Hello all,
I need to configure Meraki Client VPN but ran into an architectural "pickle". My hub location only has one public IP, and it's being used by a different vendors client VPN. My solution was to configure the Meraki client VPN on one of my spoke sites, and use Active Directory (at the hub) for authentication.
The problem is that I'm now being told the AD server needs to be local to where the client VPN is configured. Is there any solution I can temporarily use to get the AD server at the hub location authenticating the client VPN that is configured at a spoke site? Maybe some kind of a proxy server that would send the authentication requests from the spoke site to the AD server at the hub (no idea if that's even possible)?
EDIT: after doing some research, would a TCP proxy like this, work? http://www.partow.net/programming/tcpproxy/index.html
When you say you could install a "proxy server" for that at the branch, well, a small AD DC (or RODC) would do the job. Or even an MS member server running the NPS (RADIUS service) could do the job.

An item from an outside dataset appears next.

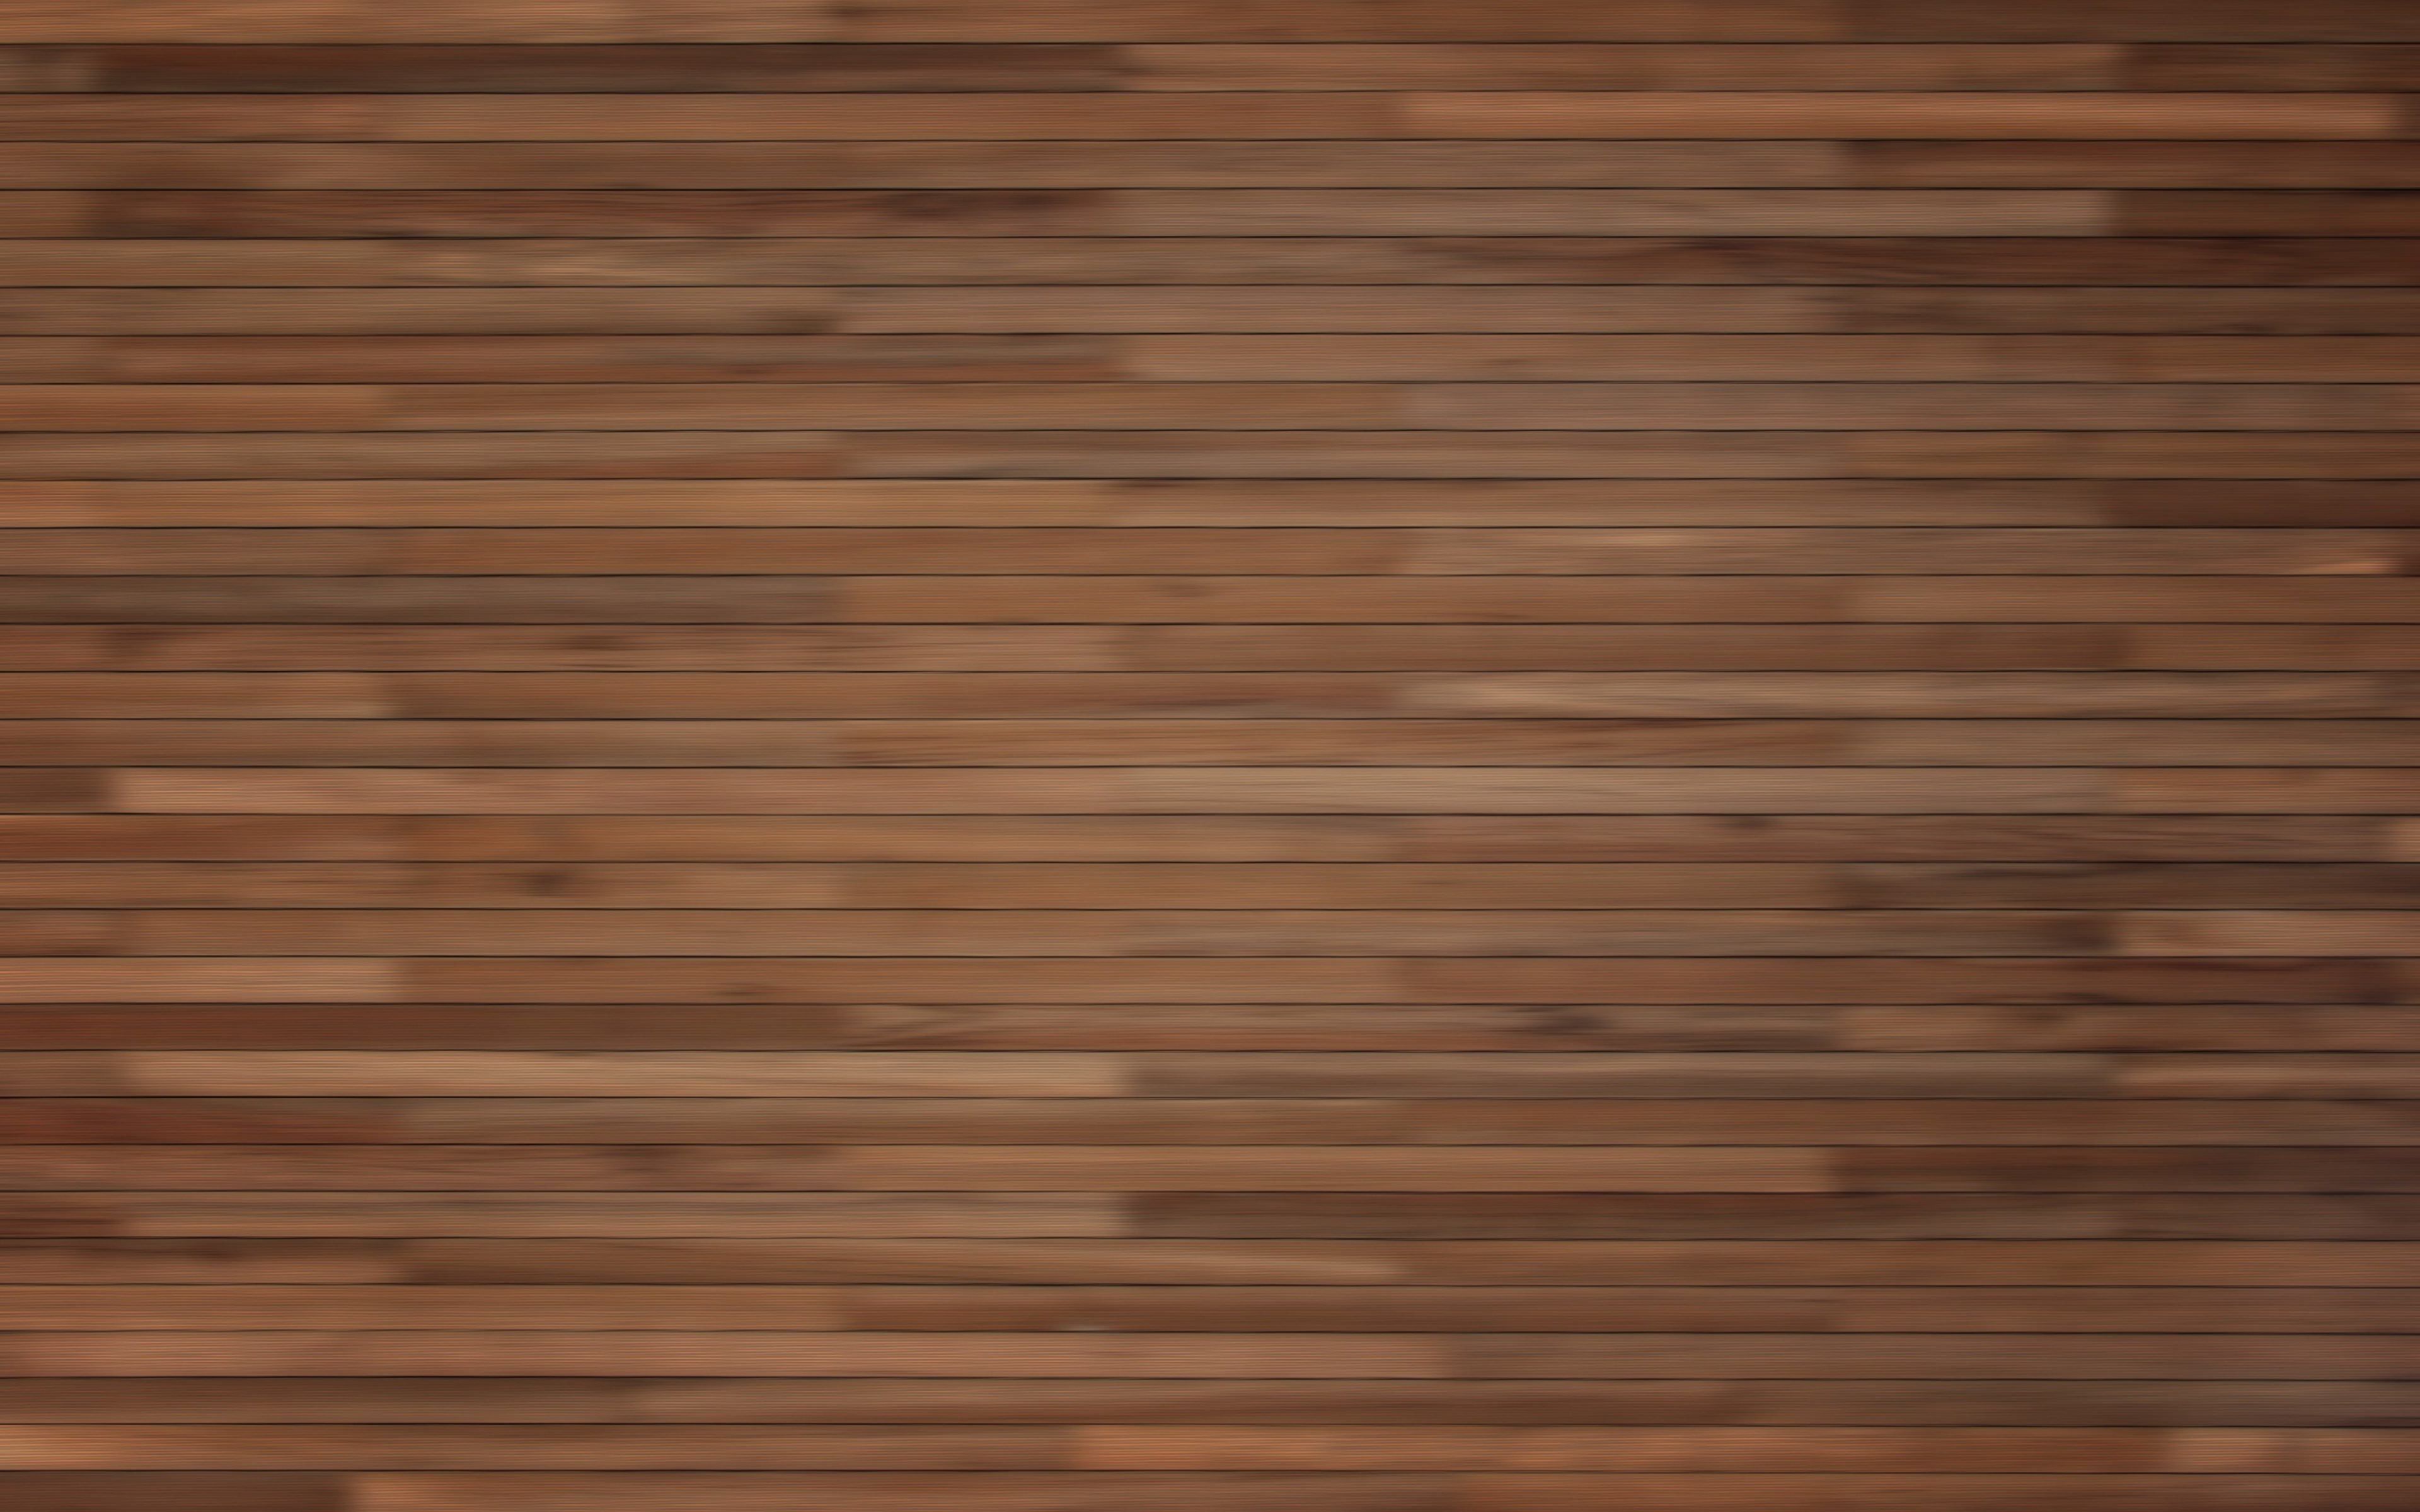 FREE Wood Plank Background in PSD

I'm assuming it would take a lot of work to build an AD DC? Forgive me if it's a dumb question, I don't usually deal with AD or anything microsoft.
Better ask your Windows admins for that. It all depends on the number of users that are using the DC. A VM with 16 Gig of RAM can handle quite some load but you also need an additional server license.

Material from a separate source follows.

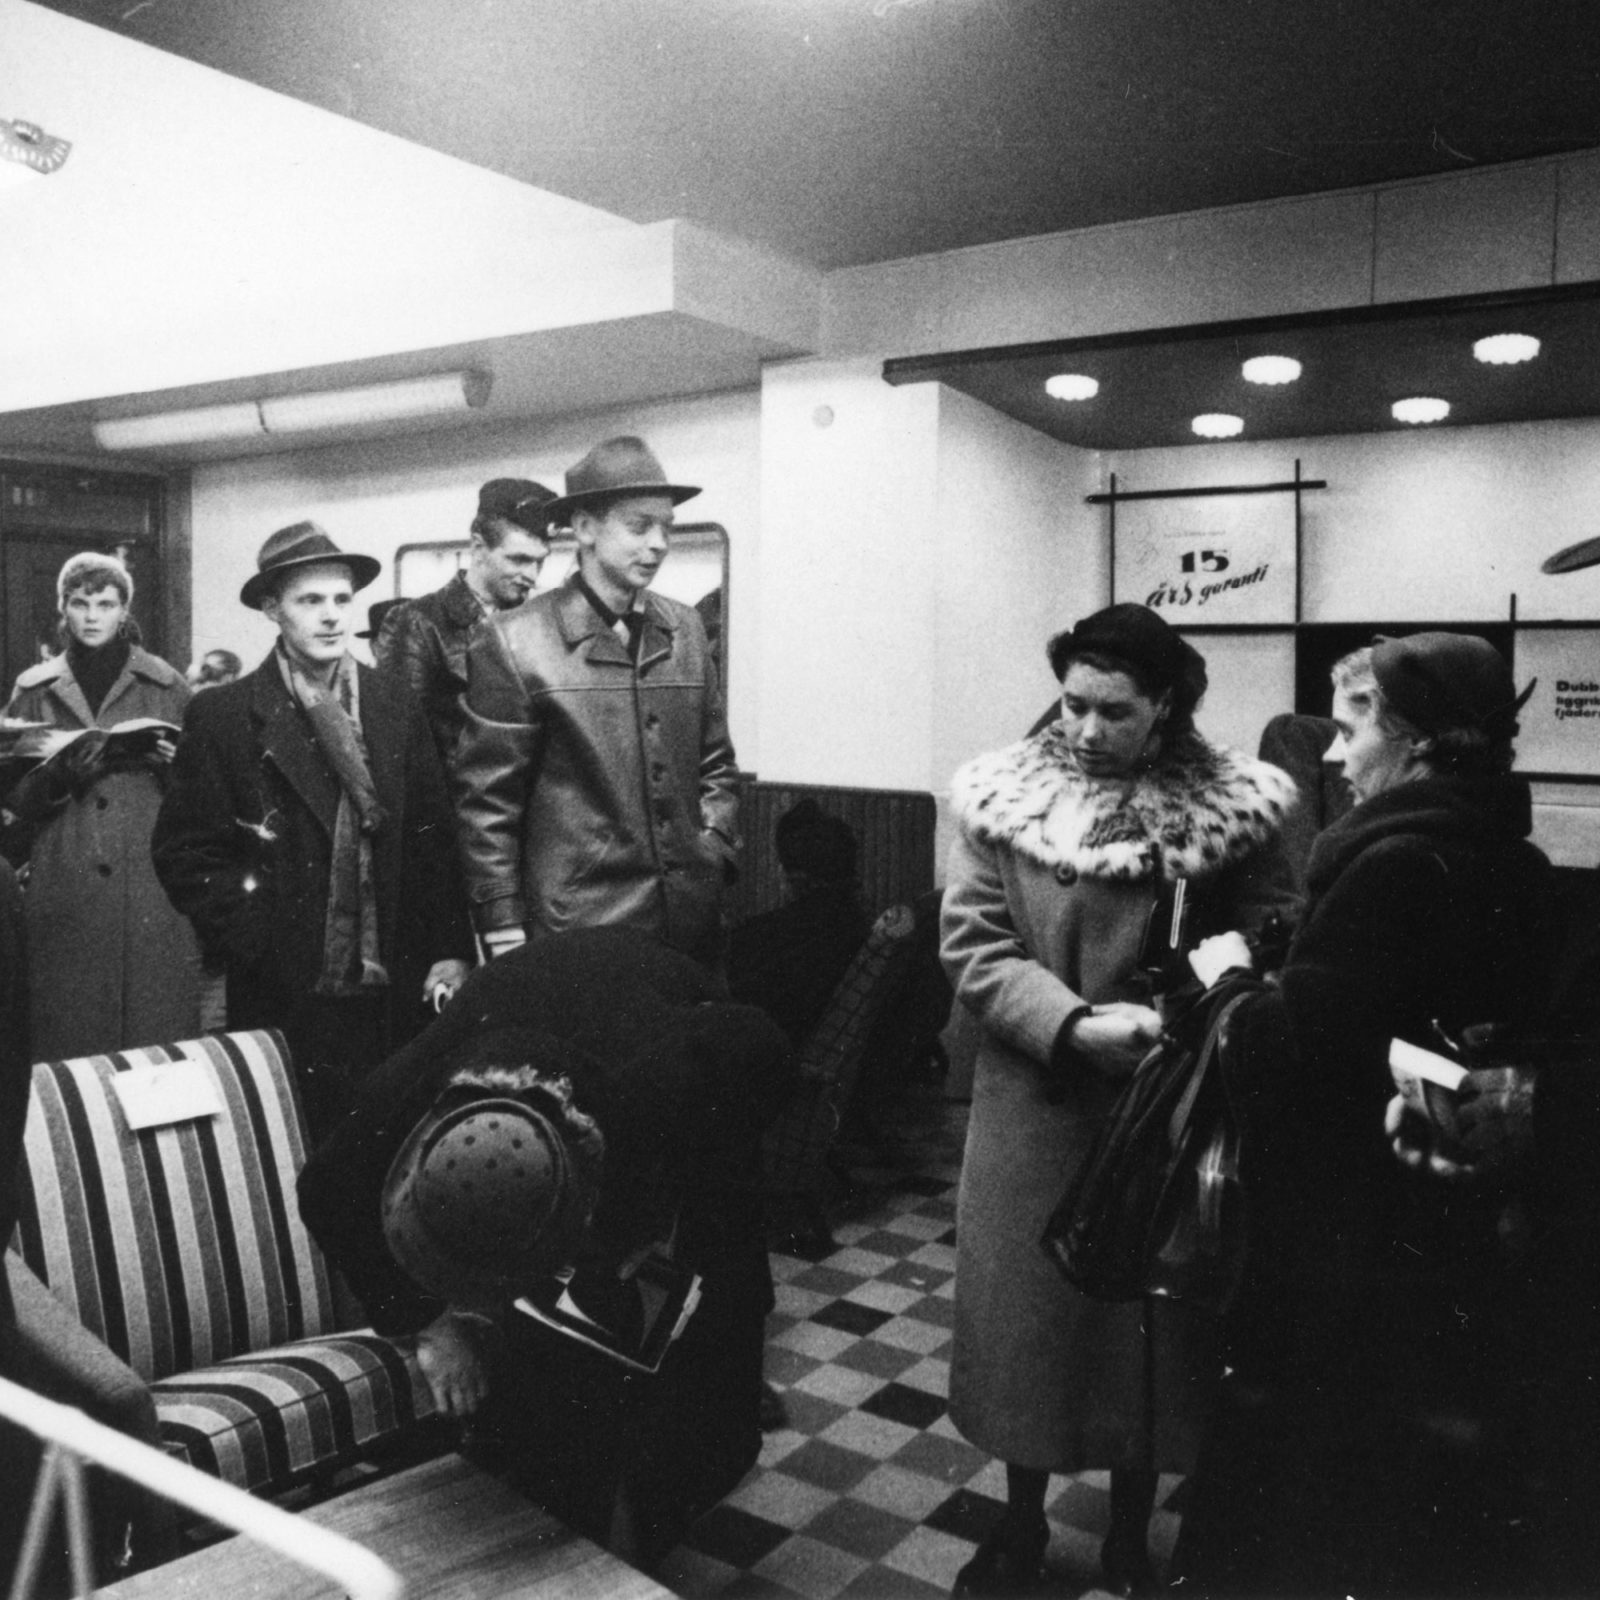 Visitors crammed in at a 1950s IKEA furniture show, looking at posters and stuffed armchairs.

If you have someone with good Linux skills, a Freeradius proxy doesn't need many resources (could run on a RasPi) and also doesn't need any paid license. Or, if you don't have that many users, you could consider Meraki Cloud Authentication.
There's probably 50 or so users, so meraki cloud auth wouldn't work unfortunately.
I did find another solution that I'm keen on testing out, called a tcp proxy http://www.partow.net/programming/tcpproxy/index.html
You don't have to have a local AD server. If the MX can ping the AD server at your hub site it will work fine.